Anonymous Monk has asked for the wisdom of the Perl Monks concerning the following question:

Hi!, I'm using WWW::Mechanize to connect with a page that's encode in iso-8859-1, first of all, I get trough find_all_inputs a select input, with each option of the select, I make other request, the problem is becouse when i do this second request, some values of the select use extended ascii over latin1, but mechanize convert it to utf8 or something like that

to be more clear, instead mechanize send http://localhost/?field=ACCI%D3N it send http://localhost/?field=ACCI%C3%93N

This let me clear that i dont really undestand how encoding works on Perl.

Replies are listed 'Best First'.
Re: WWW::Mechanize always use utf8
by Anonymous Monk on Mar 21, 2009 at 00:22 UTC
    Seems unlikely, show some code please

      Yes, here is it, this problem appear in a linux 64 and don't appear in windows server, i think becouse windows use iso-8859-1 as charset.

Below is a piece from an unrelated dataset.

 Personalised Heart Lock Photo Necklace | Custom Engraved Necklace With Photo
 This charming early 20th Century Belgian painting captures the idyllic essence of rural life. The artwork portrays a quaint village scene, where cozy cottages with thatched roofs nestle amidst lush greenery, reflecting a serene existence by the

      #/usr/bin/perl -wT use strict; use CGI qw(param); binmode STDOUT, ':encoding(iso-8859-1)'; print "Content-type: text/html; charset=iso-8859-1\n\n"; my $q = param('status') || 'nothing'; print <<HTML; <html> <body> <h1>You has selected $q</h1> <form name="form" action="http://localhost/"> <select name="status"> <option value="ACCIÓN">ACCIÓN</option> <option value="PINGÜINO">PINGÜINO</option> </select> <input type="submit" name="send" value="send"> </form> </body> </html> HTML
      #!/usr/bin/perl use strict; use warnings; use WWW::Mechanize; binmode STDOUT, ':encoding(iso-8859-1)'; my $mech = WWW::Mechanize->new; $mech->agent_alias( 'Windows IE 6' ); $mech->add_header('Accept-Charset' => 'iso-8859-1'); $mech->get('http://localhost/'); $mech->submit(); my ($status) = $mech->find_all_inputs( name => 'status', type => 'opti +on'); if (ref $status && ref $status->{menu} eq 'ARRAY') { for my $option (@{$status->{menu}}) { $mech->form_name( 'form' ); $mech->select( 'status', $option->{value}); # Here's the probl +em is send some utf8 string instead iso-8859-1 sleep(2); $mech->click('send'); if ($mech->success()) { print $mech->content(); # the response is in utf8 too } $mech->back(); } }

        I can replicate the problem with WWW::Mechanize 1.54, but not with WWW::Mechanize 1.34. (LWP 5.825 in both cases.)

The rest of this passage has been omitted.